E che sarà mai  :Smile:  per un WMA   :Wink: 

----------

## dboogieman

Ciao mi presento: dboogieman piacere a tutti, questo forum lo adoro...non posto tantissimo (solo qunado serve  :Smile: ) ma leggo moltissimo le varie discussioni, alla ricerca magari anche di risposte gia' date che risolvano i miei problemi...con Gentoo naturalemente...quelli celebrali il mio psichiatra mi consiglia di risolverli formattandomi....ahh...ahhh...battutone.

Sherzi a parte ho partecipato al Linux Day in Universita' a Milano poco tempo fa...ho conoscituo molta gente e la maggior parte di fuori Milano..mi piacerebbe...incontrare qualcuno di noi di Milano.

Se questo appuntamento me lo sono perso..per il prossimo futuro, mi piacerebbe unirvi a voi!!!

Ciao

dboogieman

----------

## randomaze

 *dboogieman wrote:*   

> Se questo appuntamento me lo sono perso..per il prossimo futuro, mi piacerebbe unirvi a voi!!!

 

...non lo hai ancora perso.

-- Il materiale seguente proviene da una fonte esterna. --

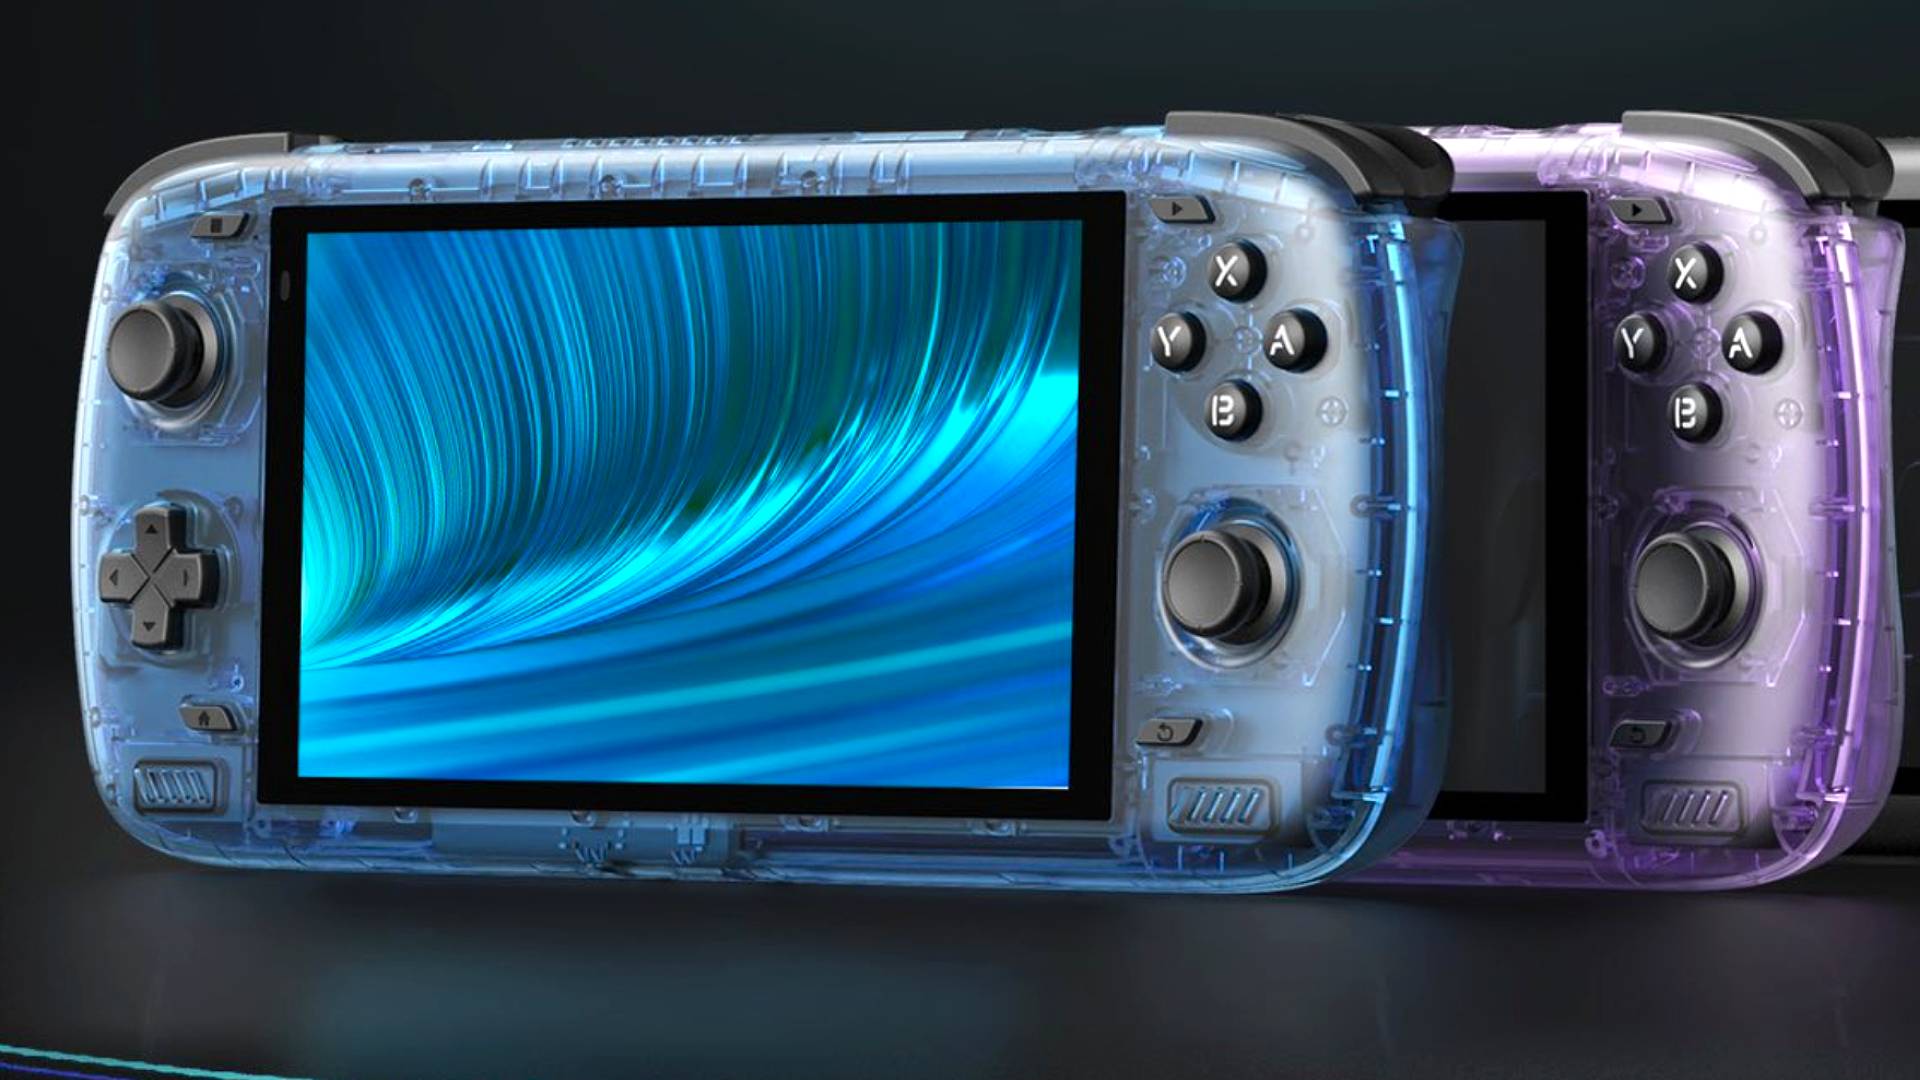 The Ayn Odin 2 is a powerful Android handheld with Game Boy color vibes,  and it's under $300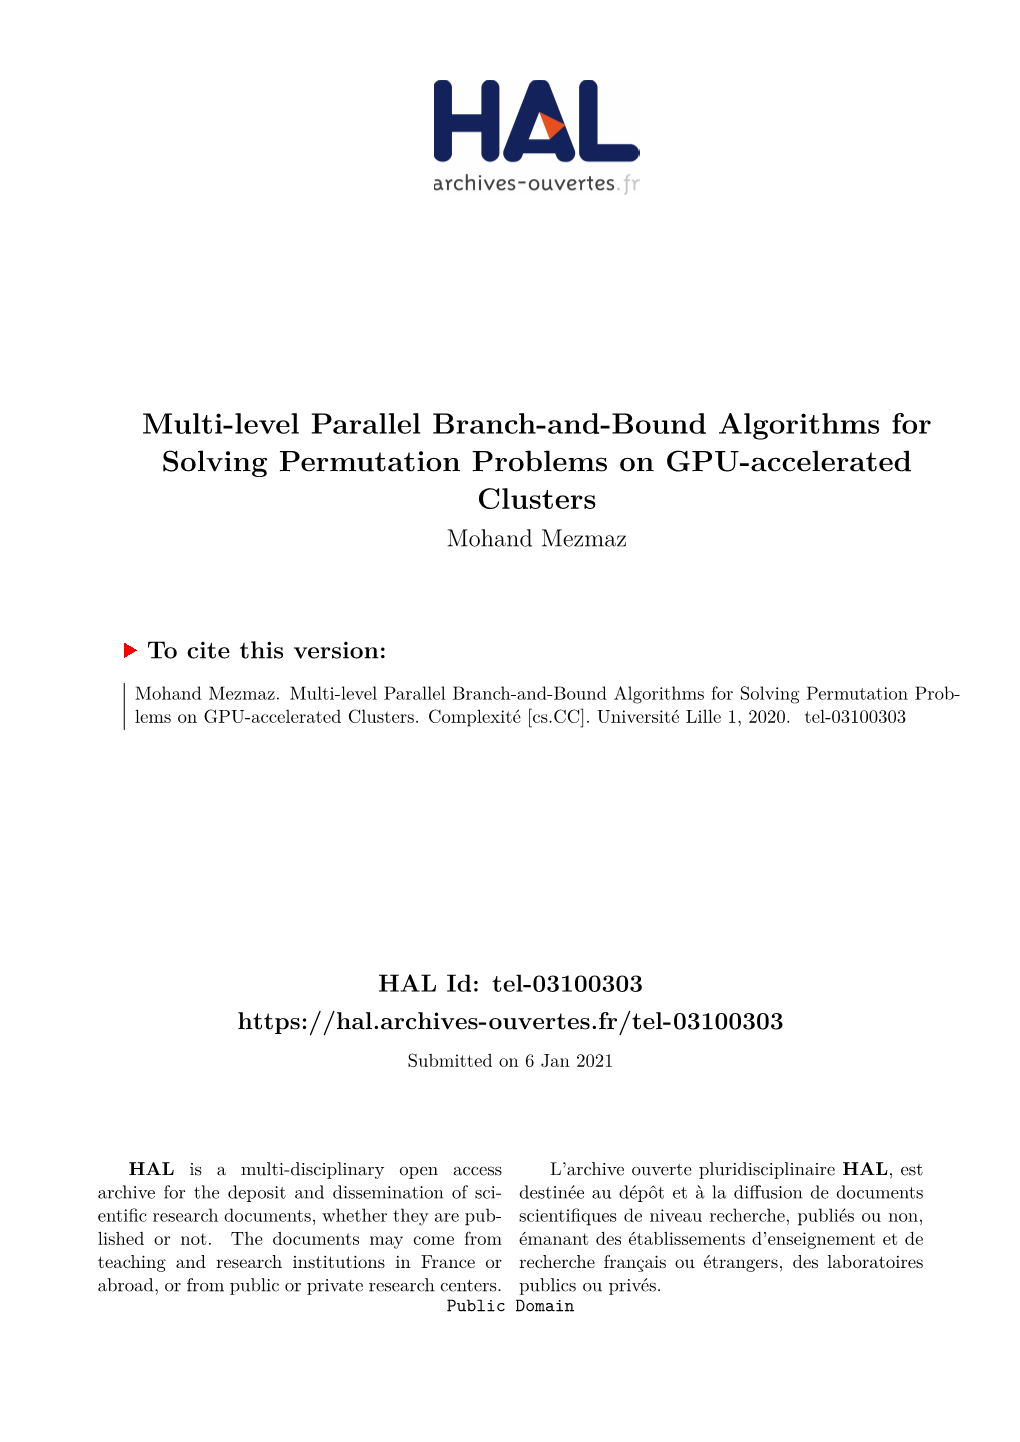 Multi-Level Parallel Branch-And-Bound Algorithms for Solving Permutation Problems on GPU-Accelerated Clusters Mohand Mezmaz

Oggi é 9 quindi sarà tra due giorni  :Wink: 

----------

## fedeliallalinea

Perche' non facciamo anche un gentoo pub a friborgo  :Razz: 

----------

## mouser

Giusto..... vieni sabato.

C'ero anch'io in universita' a Milano, magari ci siamo visti e non lo sappiamo   :Laughing: 

Strano il mondo oggi.... conosci gente per dei mesi e magari non l'hai mai vista (sembro vecchissimo con questa frase   :Shocked:  )

----------

## stefanonafets

 *Quote:*   

> Strano il mondo oggi.... conosci gente per dei mesi e magari non l'hai mai vista (sembro vecchissimo con questa frase   )

 

Anche anni...

Cmq, se riesco vengo mooooolto volentieri, ma me ne andrei per massimo le 21.00 .

Cmq, questo posto è al 9 di Corso Como (l'unica società che abbia "novecento" nel nome in corso como è al 9, fone paginebianche.it) ?

Ri-chiedo (nn conosco per niente la zona), si trova parcheggio o mi conviene prendere i mezzi??

Grassie...

[EDIT]

Come vi riconosco ?   :Embarassed: 

----------

## mouser

Mah.... io l'ultima volta ho messo la macchina nel parcheggio a pagamento..... se non sei scomodo credo ti convenga venire con i mezzi, cosi' stai anche piu' tranquillo; sai non e' una zona bellissima.

Allora a sabato

Ciriciao

mouser  :Wink: 

----------

## stefanonafets

Azzogina, nn mi ero accorto di dov'era...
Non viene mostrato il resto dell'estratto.